Since I stumbled across James Alison’s presentation of the work of Rene Girard and the power scape goating in 2003/2004 it has provided a powerful lens through which to view the tensions in society.

The mini takeaway version which will suffice here – we all suffer the anxiety of not belonging, but when I stumble across someone who appears to belong less than I do, and the group to which to which I am desperately trying to belong also perceives that person as being more problematic than me. As long as they are around to pick on and remain clearly different, I am safe. So those who most insecure are often the ones who are most violent (physically, verbally, anonymously) to those who appear to be even less secure.

It is a tragic vicious circle.

How do we move through it? By acknowledging our own insecurity.

How often have we heard a version of the ‘gospel’ preached which is really about defining who is in and who is out? Let’s not settle for a gospel which perpetuates violence against someone who is seen as ‘other’. The gospel does demand everything but not because it asks to conform to some image of belonging. It asks to face the our sense of isolation, to own our own pain, and to dare to be vulnerable.

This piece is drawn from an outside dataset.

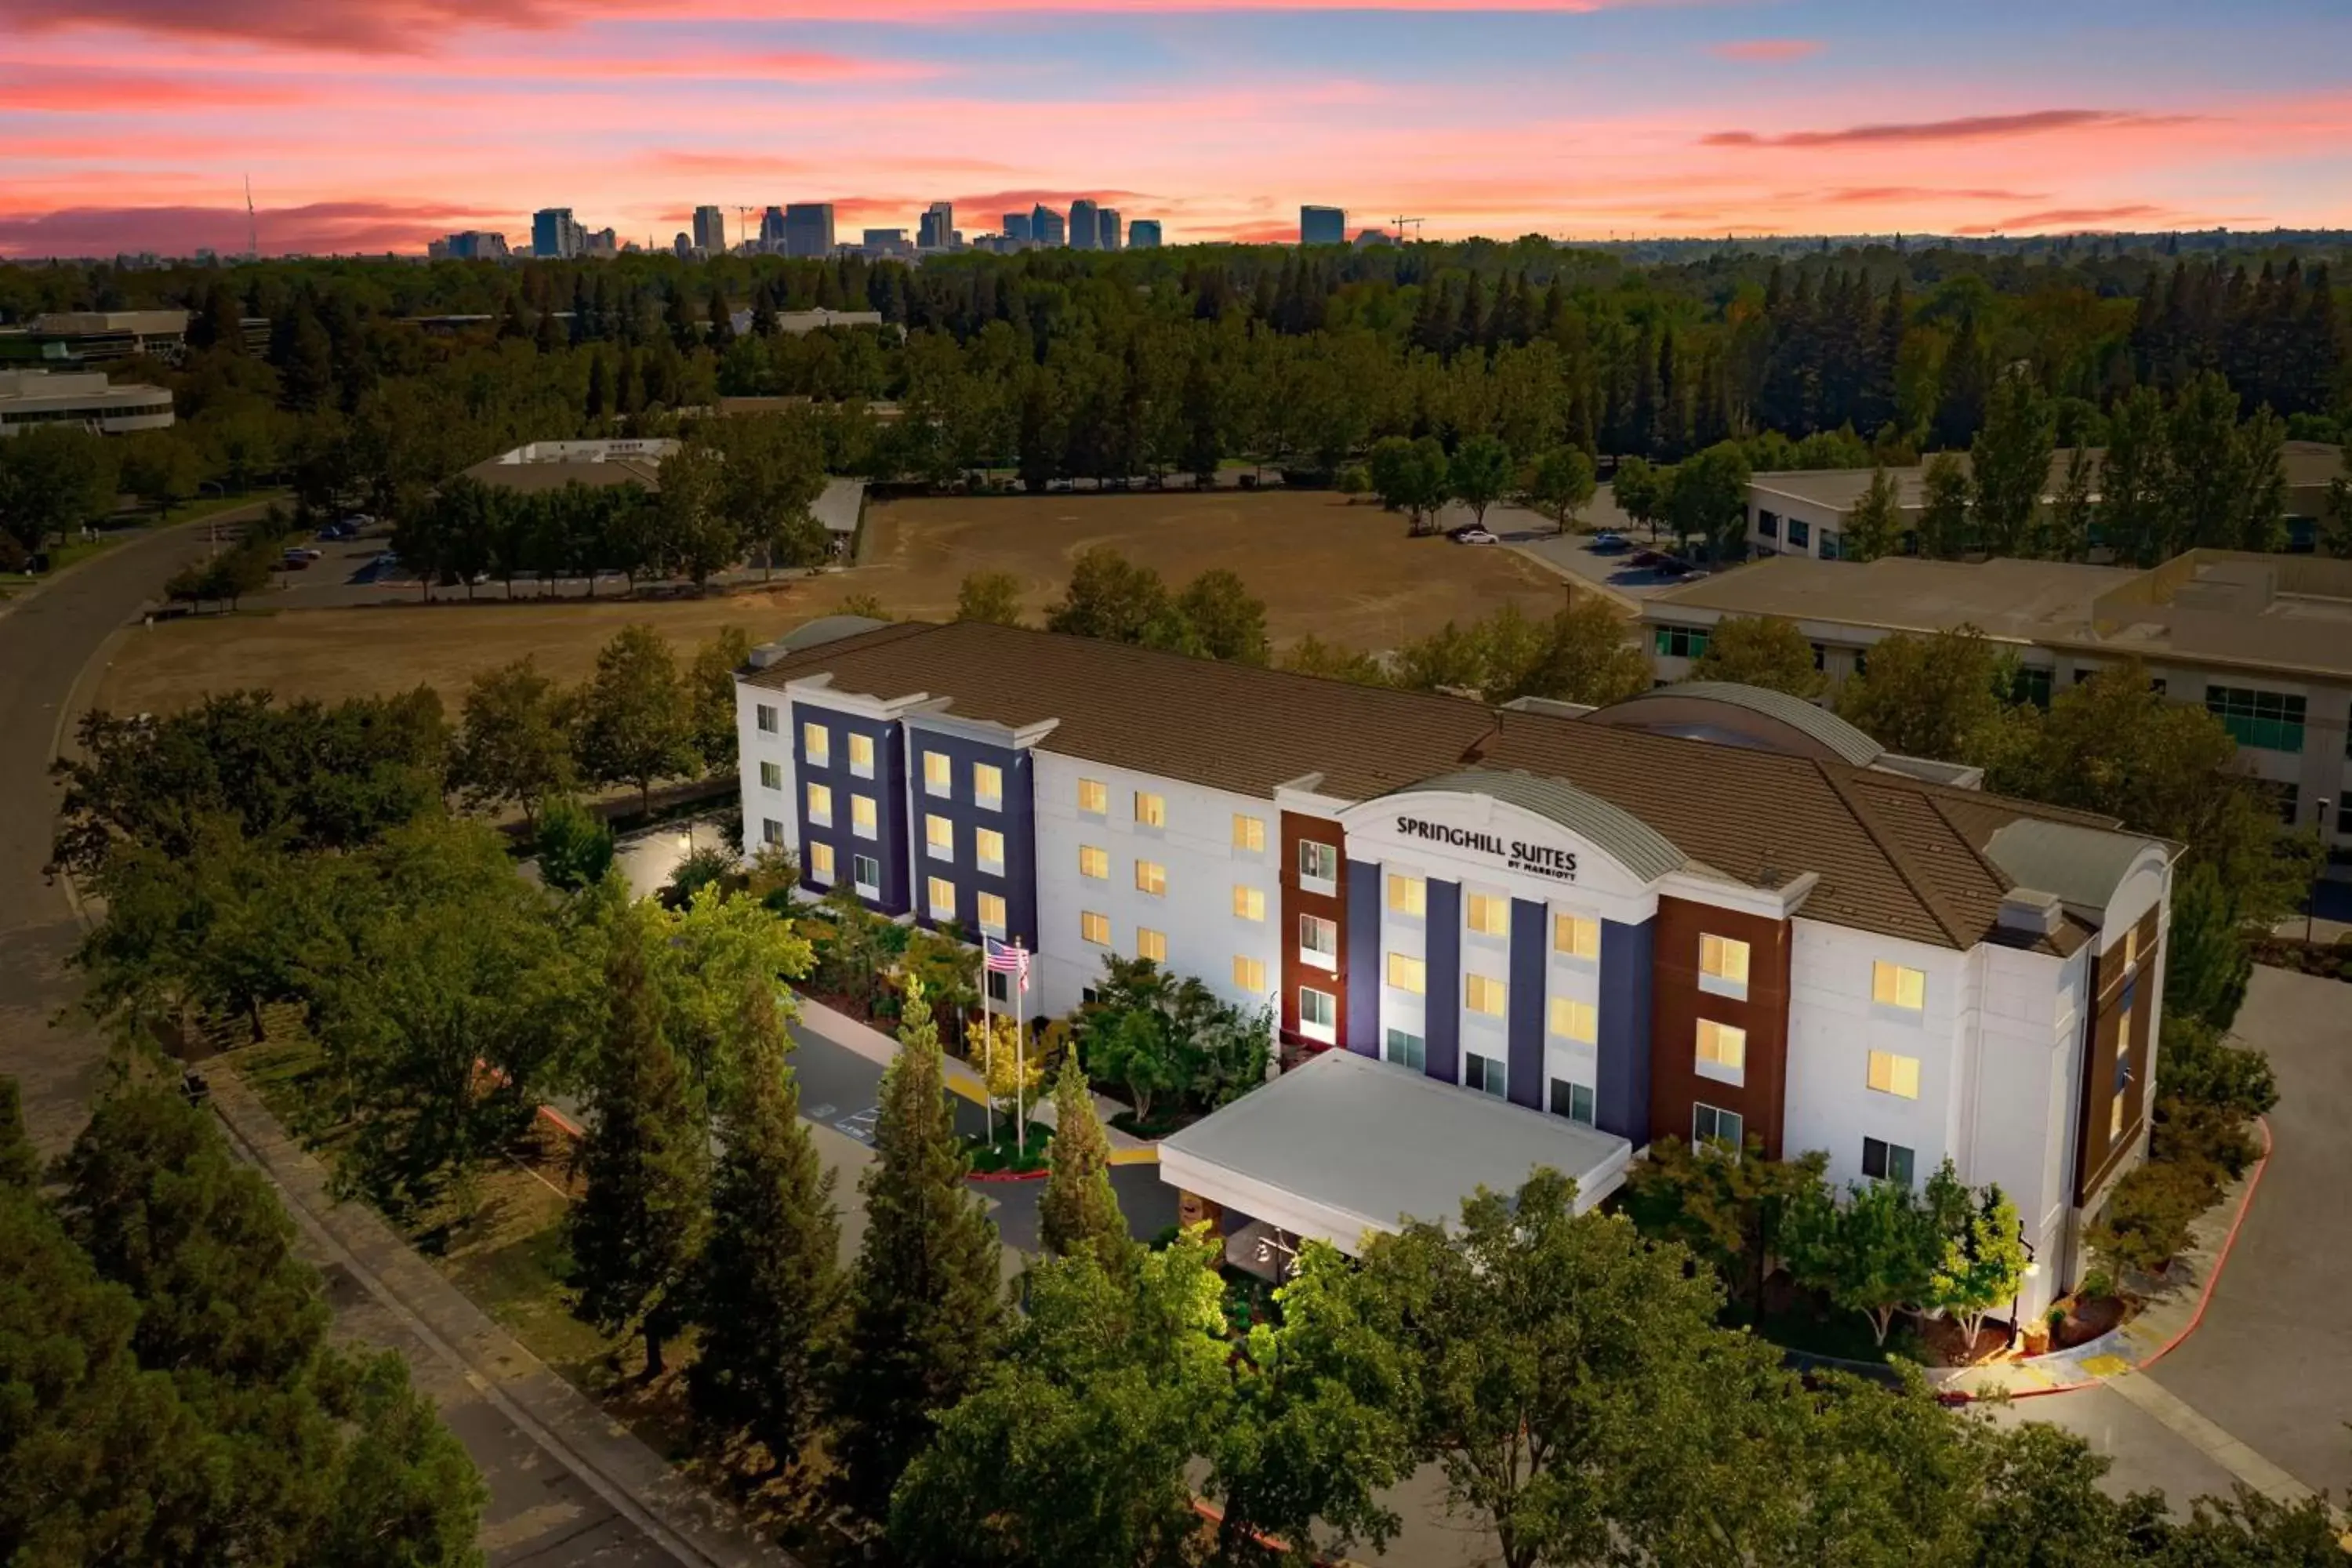 Property building, Bird's-eye View in SpringHill Suites by Marriott Sacramento Natomas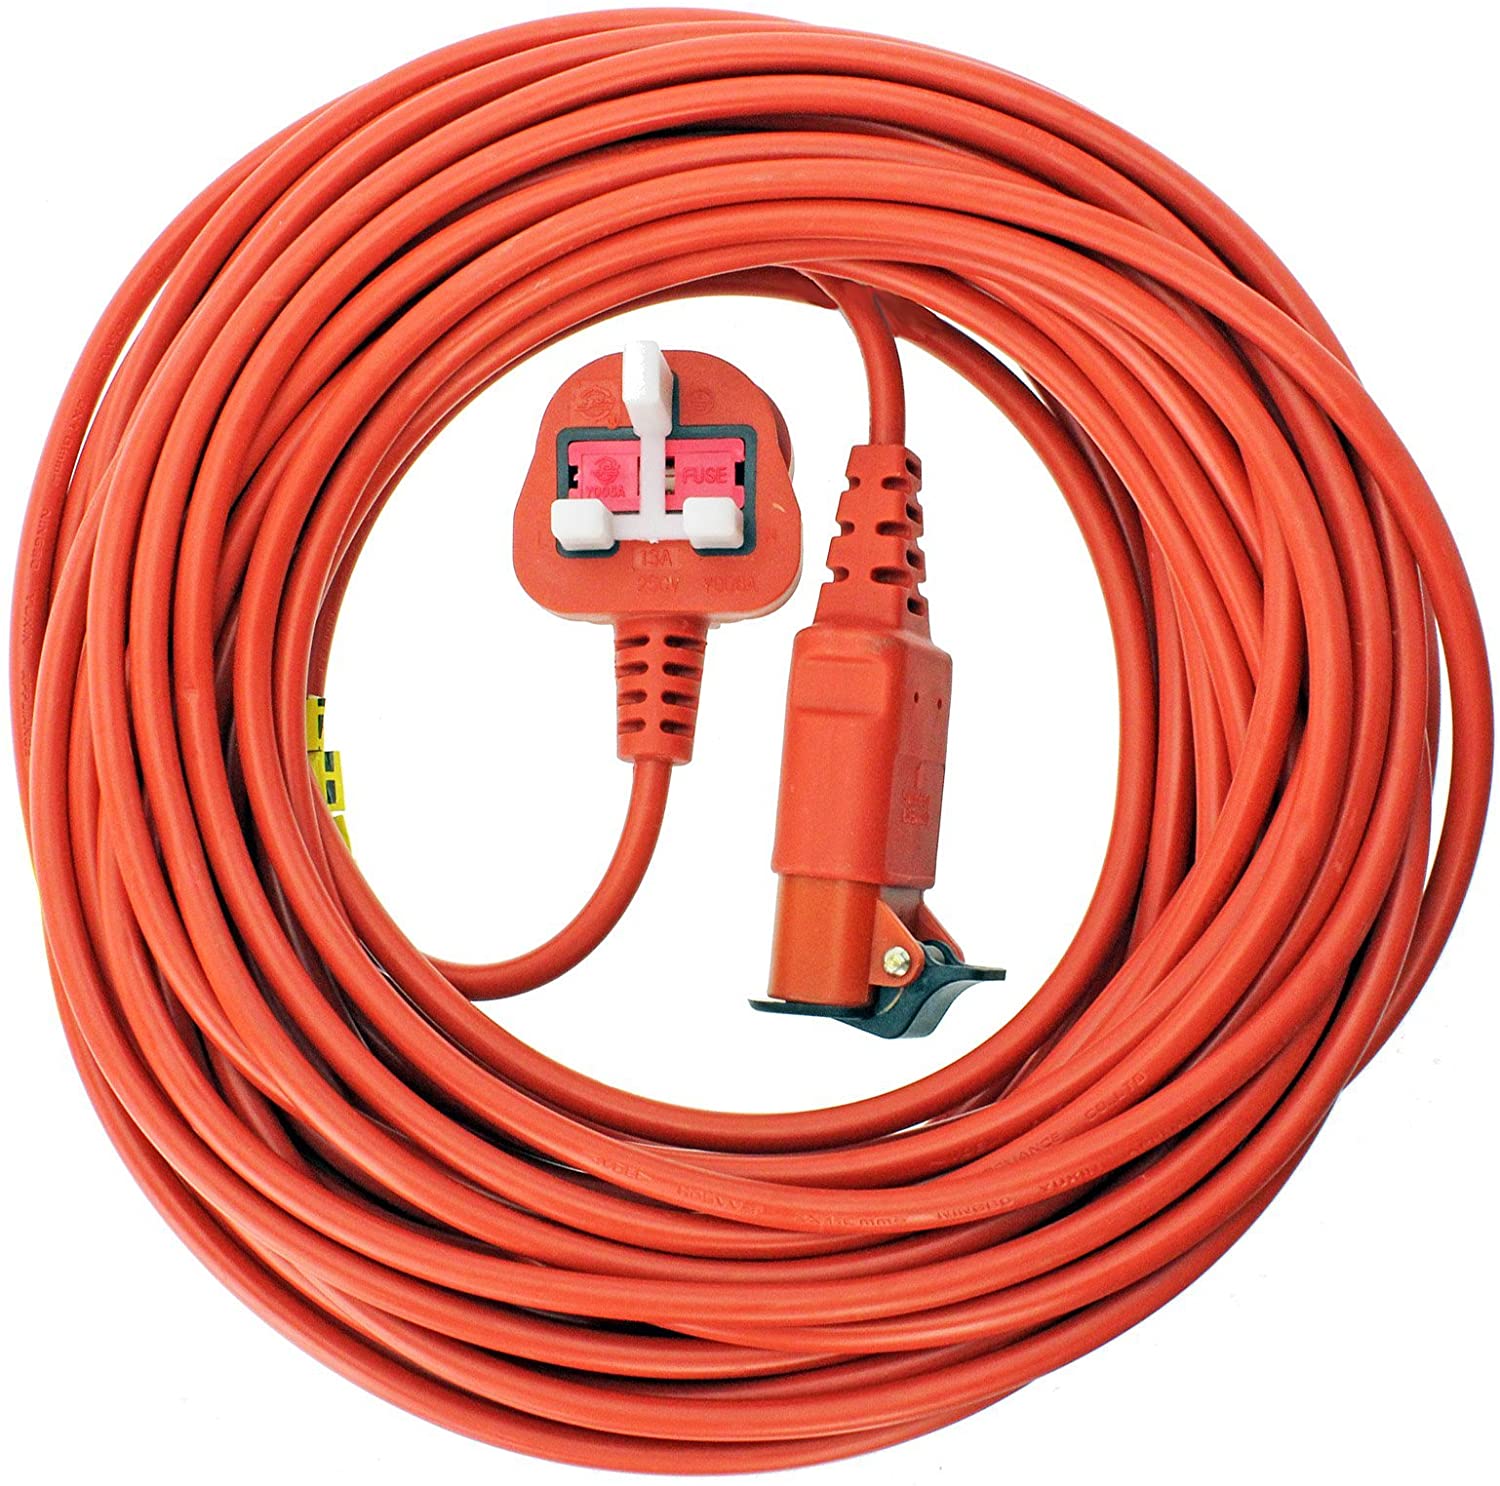 20m Orange Cable for Flymo / Bosch Lawnmower

Do we dare to kneel before a God who is unconditionally loving and requires we face the things we most fear?



One thought on “Let’s not pick on the one who is more vulnerable

  1. Mags, this is the second time today that a writer has mentioned Rene Girard and scapegoating. I was privileged to take a course on Violence in the Bible recently and the professor introduced us to Rene Girard and showed how scapegoating is so prevalent in our society and has been throughout history. Thanks for spreading the word!